The very basic idea of error-alignment is given in the following paper in terms of *reordering high entropy bits*:
> Vestergaard, Rasmus, Daniel E. Lucani, and Qi Zhang. "Generalized deduplication: Lossless compression for large amounts of small IoT data." European Wireless 2019; 25th European Wireless Conference. VDE, 2019.
In our concept, the idea is a bit more generalized by employing *lienar transformation* instead of reordering (permutation). In particular for a specific data type, we first fix a linear transformation `T: GF(256)^n -> GF(256)^n`, i.e., a nonsingular `n x n` matrix `T` over `GF(256)`. Note that the simplest `T` is typically a simple permutation matrix to align error symbols to the last positions, as given in the above paper. We then execute the precoding on a given chunk `c` as follows.
```
[xl, xr] = cT,
```
where `xl in GF(256)^k` and `xr in GF(256)^{n-k}`. Then, the base `cw` and the deviation `er` are calculated on `[xl, xr]` instead of `[cl, cr]` by the above approach, as follows:
```
cw = xl G
= [xl, xl P],
er = [0,...,0, xl P + xr],
```
and `xl` is recoded as a base and `xl P + xr` is regarded as a deviation in a deduplicated data stream and the GD dictionary.

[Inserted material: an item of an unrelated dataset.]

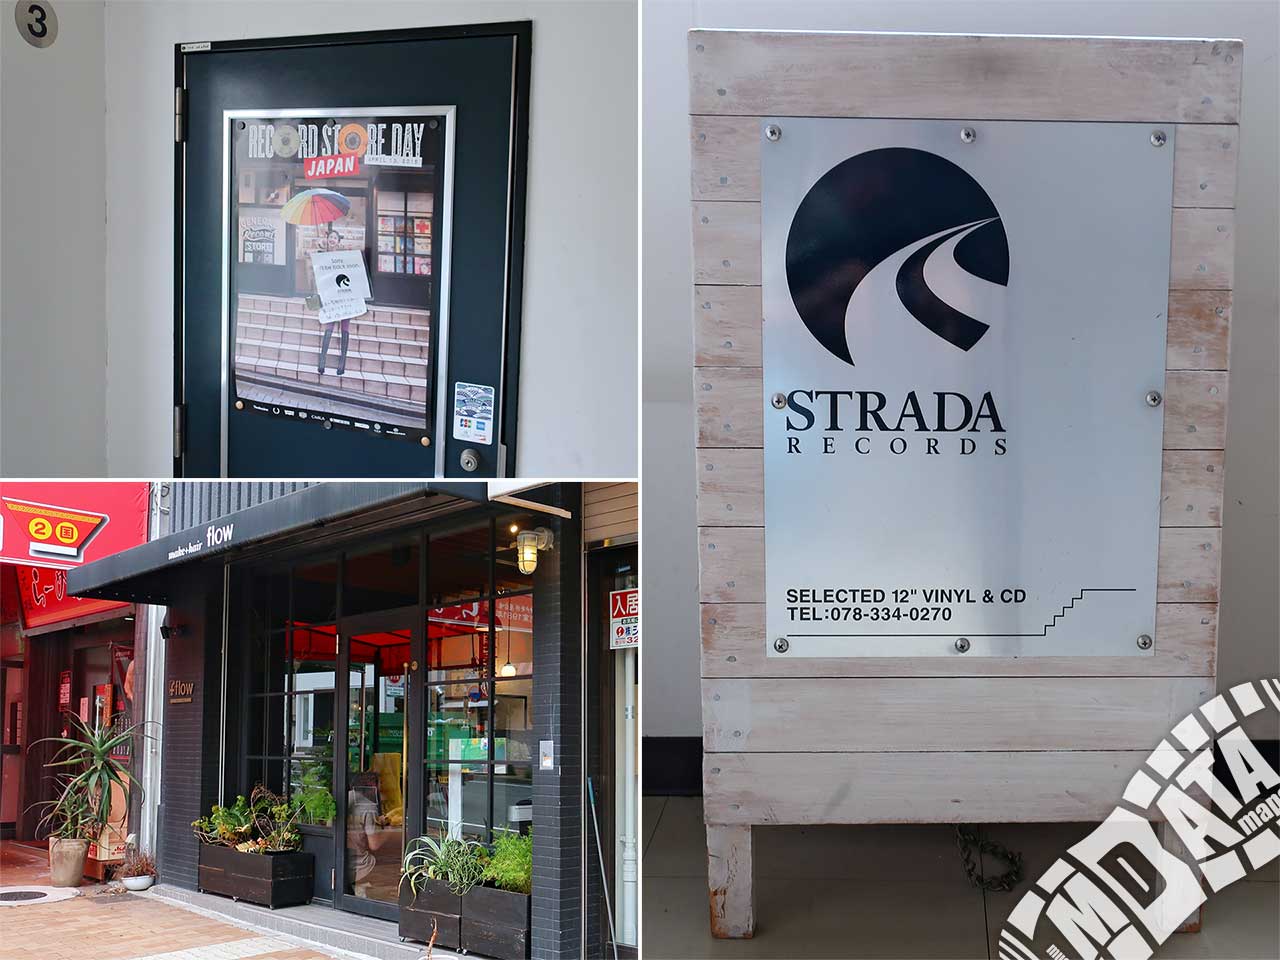 Strada Recordsの写真 撮影日:2019/6/12 Photo taken on 2019/06/12
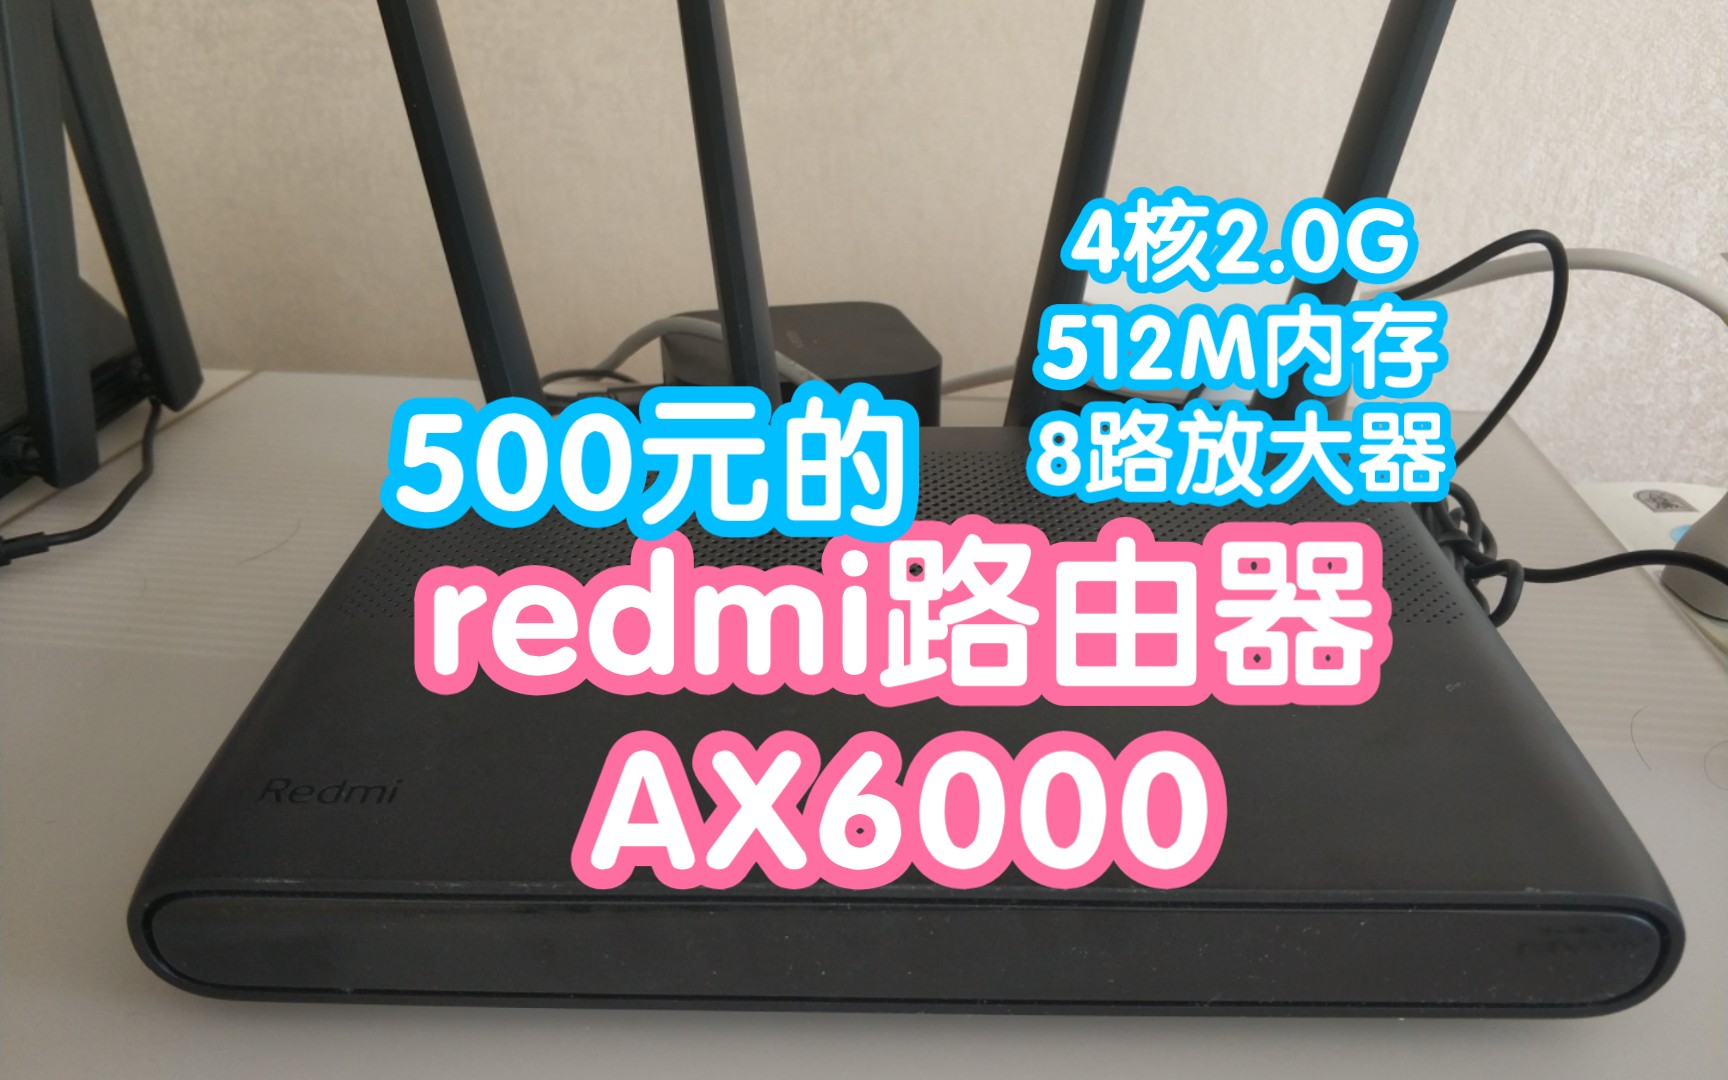 redmi路由器AX6000。500元档超值选择。MT7986A4核2.0G CPU，512M内存，160MHz频宽，8路独立信号放大器，米家一站式管理

We should note that *the linear transformation `T` pushes the virtual errors contained in `c` of the specific data form to the last `n-k` symbols of a transformed chunk of `n` symbols.*
The above operations are simply concatenated into the following:
```
T= [Tl | Tr]
cw = c Tl G = [c Tl, c Tl P]
er = [0,...,0, c Tl P + c Tr]
```
Since it is known that we need to properly configure virtual error positions to achieve better deduplication performance, code length and error-positions have been considered to be dynamically adjusted by splitting a chunk into subchunks forming a specific pattern of fluctuationss. In contrast, the error-alignment approach simply align errors in data chunk to the last positions, and a data chunk is processed by a single GD instance with single code parameter.
Anyways, **the most important factor to achieve better deduplication rate in GD is the estimation of fluctuation/virtual-error patterns contained in given data chunks**.